This I think needs to state the locking order of the per-domain
pci_lock wrt the vpci->lock. AFAICT that's d->pci_lock first, then
vpci->lock.
> 1. Per-domain's pci_rwlock is used to protect pdev->vpci structure
> from being removed.
>
> 2. Writing the command register and ROM BAR register may trigger
> modify_bars to run, which in turn may access multiple pdevs while
> checking for the existing BAR's overlap. The overlapping check, if
> done under the read lock, requires vpci->lock to be acquired on both
> devices being compared, which may produce a deadlock. It is not
> possible to upgrade read lock to write lock in such a case. So, in
> order to prevent the deadlock, use d->pci_lock instead. To prevent
> deadlock while locking both hwdom->pci_lock and dom_xen->pci_lock,
> always lock hwdom first.
>
> All other code, which doesn't lead to pdev->vpci destruction and does
> not access multiple pdevs at the same time, can still use a
> combination of the read lock and pdev->vpci->lock.
>
> 3. Drop const qualifier where the new rwlock is used and this is
> appropriate.
>
> 4. Do not call process_pending_softirqs with any locks held. For that
> unlock prior the call and re-acquire the locks after. After
> re-acquiring the lock there is no need to check if pdev->vpci exists:
> - in apply_map because of the context it is called (no race condition
> possible)
> - for MSI/MSI-X debug code because it is called at the end of
> pdev->vpci access and no further access to pdev->vpci is made
I assume that's vpci_msix_arch_print(): there are further accesses to
pdev->vpci, but those use the msix local variable, which holds a copy
of the pointer in pdev->vpci->msix, so that last sentence is not true
I'm afraid.
However the code already try to cater for the pdev going away, and
hence it's IMO fine. IOW: your change doesn't make this any better or
worse.
>
> 5. Introduce pcidevs_trylock, so there is a possibility to try locking
> the pcidev's lock.
I'm confused by this addition, the more that's no used anywhere. Can
you defer the addition until the patch that makes use of it?
>
> 6. Use d->pci_lock around for_each_pdev and pci_get_pdev_by_domain
> while accessing pdevs in vpci code.
>
> Suggested-by: Roger Pau Monné <roger.pau@xxxxxxxxxx>
> Suggested-by: Jan Beulich <jbeulich@xxxxxxxx>
> Signed-off-by: Oleksandr Andrushchenko <oleksandr_andrushchenko@xxxxxxxx>
> Signed-off-by: Volodymyr Babchuk <volodymyr_babchuk@xxxxxxxx>
>
> ---
>
> Changes in v8:
> - changed d->vpci_lock to d->pci_lock
> - introducing d->pci_lock in a separate patch
> - extended locked region in vpci_process_pending
> - removed pcidevs_lockis vpci_dump_msi()
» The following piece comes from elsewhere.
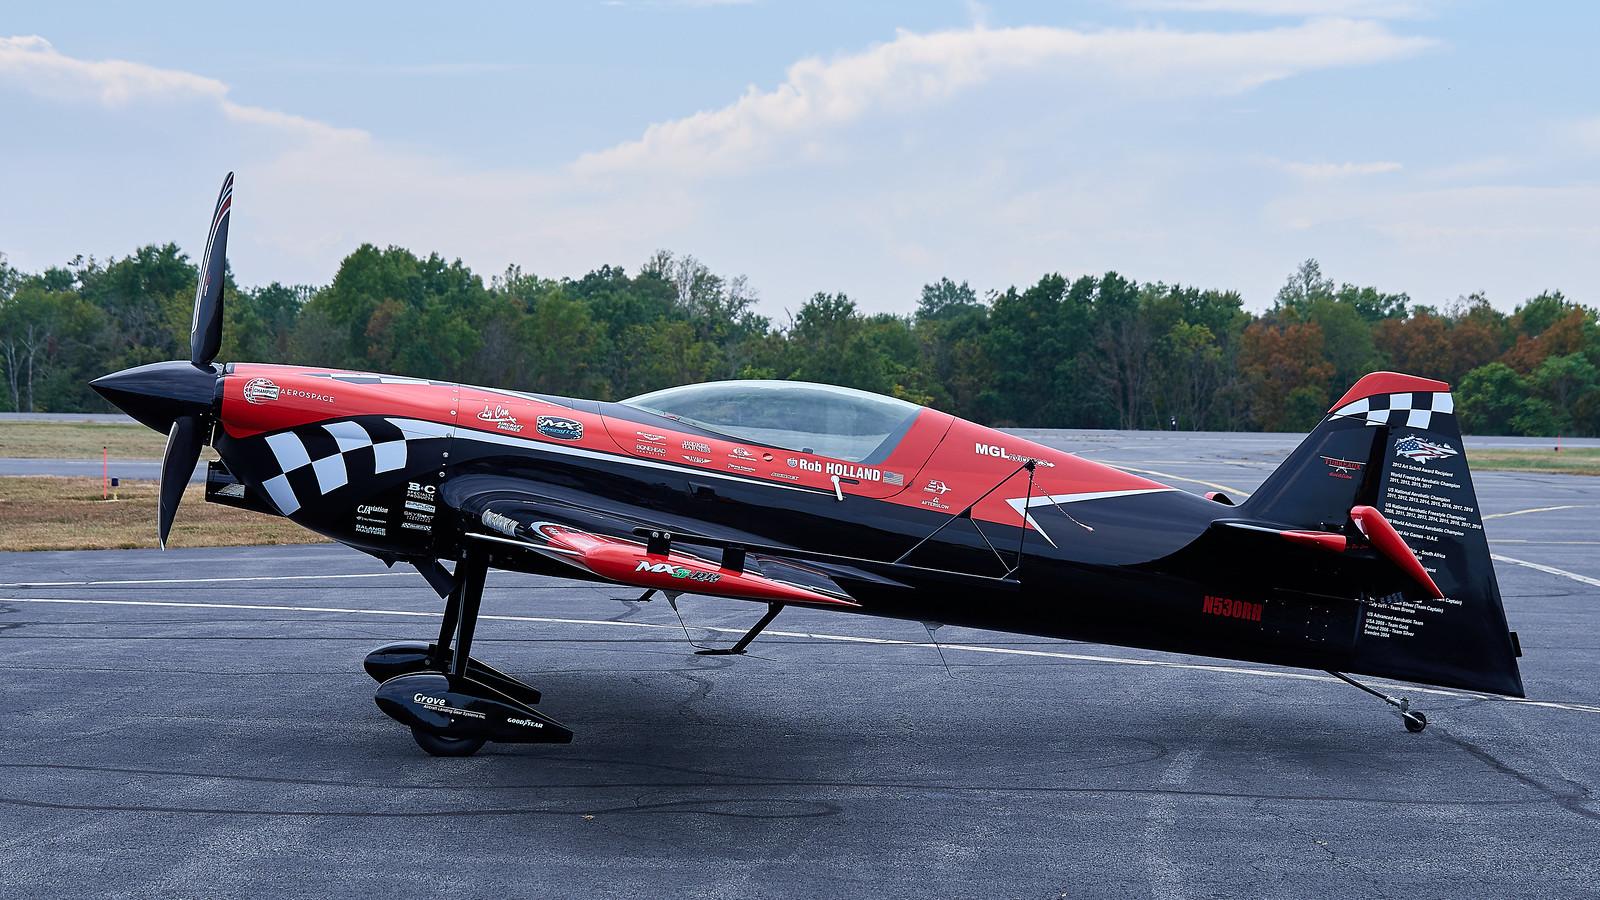 Leesburg Airshow - Rob Holland

> - removed some changes as they are not needed with
> the new locking scheme
> - added handling for hwdom && dom_xen case
> ---
> xen/arch/x86/hvm/vmsi.c | 4 +++
> xen/drivers/passthrough/pci.c | 7 +++++
> xen/drivers/vpci/header.c | 18 ++++++++++++
> xen/drivers/vpci/msi.c | 14 ++++++++--
> xen/drivers/vpci/msix.c | 52 ++++++++++++++++++++++++++++++-----
> xen/drivers/vpci/vpci.c | 46 +++++++++++++++++++++++++++++--
> xen/include/xen/pci.h | 1 +
> 7 files changed, 129 insertions(+), 13 deletions(-)
>
> diff --git a/xen/arch/x86/hvm/vmsi.c b/xen/arch/x86/hvm/vmsi.c
> index 3cd4923060..8c1bd66b9c 100644
> --- a/xen/arch/x86/hvm/vmsi.c
> +++ b/xen/arch/x86/hvm/vmsi.c
> @@ -895,6 +895,8 @@ int vpci_msix_arch_print(const struct vpci_msix *msix)
> {
> unsigned int i;
>
> + ASSERT(rw_is_locked(&msix->pdev->domain->pci_lock));
> +
> for ( i = 0; i < msix->max_entries; i++ )
> {
> const struct vpci_msix_entry *entry = &msix->entries[i];
> @@ -913,7 +915,9 @@ int vpci_msix_arch_print(const struct vpci_msix *msix)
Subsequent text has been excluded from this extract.